John Wall is finally receiving some veteran help in Washington, as the Wizards completed a trade that brings in forwards Trevor Ariza and Emeka Okafor from the New Orleans Hornets. In exchange, Washington gave up high-priced disappointment Rashard Lewis and the 46th overall pick in the 2012 NBA draft.
This trade is beneficial to both sides, as the Hornets desperately needed to gain cap space and do so by acquiring Lewis' one-year expiring contract, which is not fully guaranteed. As for Washington, they continue shedding themselves of poor contracts and acquire two NBA veteran players who excel on defense and complement the remaining players on the Wizards' roster.
Before moving on, one thing needs to be clear: Ariza and Okafor are not All-Star caliber players. At the same time, they are legitimate starters in the NBA and excel on defense, which was the Wizards' biggest weakness last season. Ariza also possesses championship playoff experience, which is sorely needed on a team full of young players.
The key component of this deal is the development of John Wall. After exploding onto the scene with a stellar rookie campaign, he cooled off last season and essentially repeated his rookie numbers during his sophomore season. Part of this falls on Wall's shoulders, but a lot of the blame can also be placed on the inept roster surrounding him.
To put it bluntly, the Wizards did not possess high-IQ basketball players. Rather, Washington relied on the likes of Javale McGee, Nick Young and Lewis to help win basketball games. This was obviously a formula for disaster, as none of those players complement Wall's game and none were able to help him grow as a player.
Instead, they made numerous boneheaded decisions and did not exert energy on the defensive side of the court, with the exception of McGee.
Now Washington possesses a trio of strong NBA veterans who have all had success in the league and give Wall a veteran frontcourt to play with. Each player has a good basketball mind and they know how to play team ball, crash the boards and commit to defense. In fact, refer to the career stats below of all three players:
Nene and Okafor are not offensive juggernauts, but they convert a high percentage of their inside shots. Both players are also strong rebounders from the post. Meanwhile, Ariza has developed into a double-digit scorer in the past three seasons, and he contributes on the glass and by intercepting passing lanes.
This is in stark contrast to last season's frontcourt of McGee and Andray Blatche (who is currently on the roster but is expected to be amnestied), as well as departed guard Nick Young. Their career totals are below:
Up to this point, Wall has had to feed post players who did not convert a high percentage of their shots, did not attack the glass and did not score many points. Replacing those players with Nene and Okafor gives him big players who can convert close looks, pull down rebounds, extend possessions and provide the team with legitimate double-digit scoring threats.
As for Young, he was a nice perimeter scorer but did not convert a high percentage of his shots. He also failed to contribute in any other meaningful way on the court, hardly producing any assists, steals or rebounds.

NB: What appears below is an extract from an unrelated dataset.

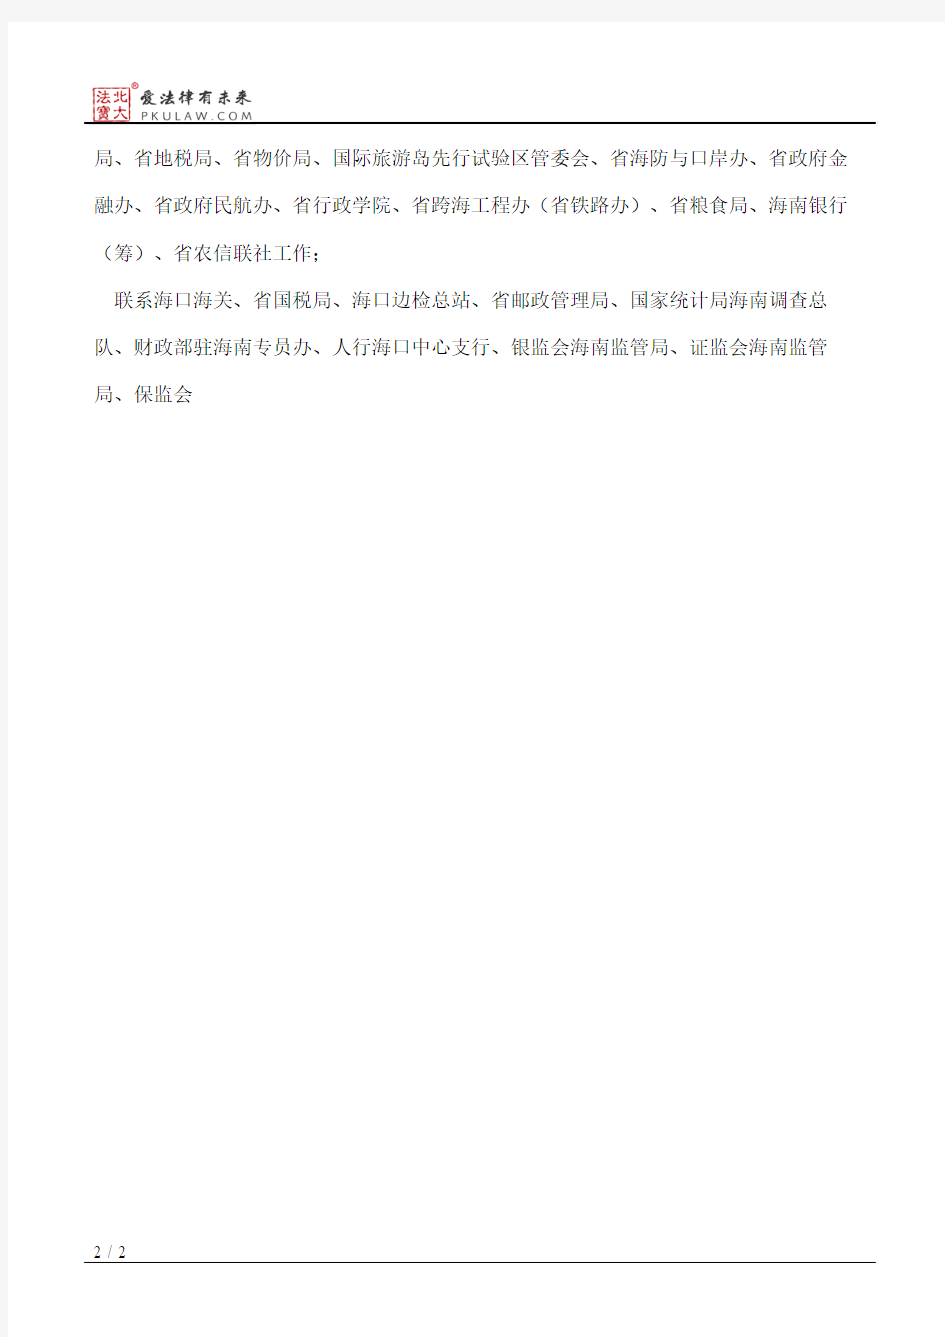 海南省人民政府办公厅关于省政府领导分工的通知(2013)

Ariza is much more effective in all aspects on the court and does not need the ball in his hands to make his presence felt. He is a much better fit for the Wizards and gives Wall a good backcourt and frontcourt playmaker to find in transition or on the perimeter.
All of this is important, but there is more at stake beyond pairing Okafor and Ariza with Nene in the frontcourt. This trade sends a strong signal that the Wizards have their eye on Florida guard Bradley Beal in the NBA draft. Washington has the third overall pick, and there is a good chance that Beal will be available at that spot.
Now that the Wizards have addressed their immediate needs at small forward and center, they can take a chance on Beal and form a dynamic backcourt with him and Wall.
These two guards have loads of potential and complement each other extremely well. Wall is 6'4" and Beal is 6'5", so they would have big guards at both positions. Wall is extremely gifted in transition and has excellent court vision. His ability to penetrate into the lane and either finish or kick out is outstanding.
As for Beal, he excels as a perimeter scoring threat and is an excellent three-point shooter. Beal is also effective without the ball in his hands and constantly makes cuts and goes through screens to create open space. Wall can draw the defense in on his drives and kick it out for an open look to either Beal or Ariza.
If the Wizards go this route, they will have a potent and dynamic backcourt pairing in addition to a veteran-led front court that excels on defense, hauls in rebounds and converts looks close to the basket.
The team also still retains the 32nd overall draft selection, which is the second pick of the second round. In such a deep draft, they have a great chance at adding another young talent to the roster. This new lineup for Washington is not ready to challenge the NBA's elite, but it does provide Wall with the teammates he needs to develop into a superstar and have this team challenging for a playoff spot.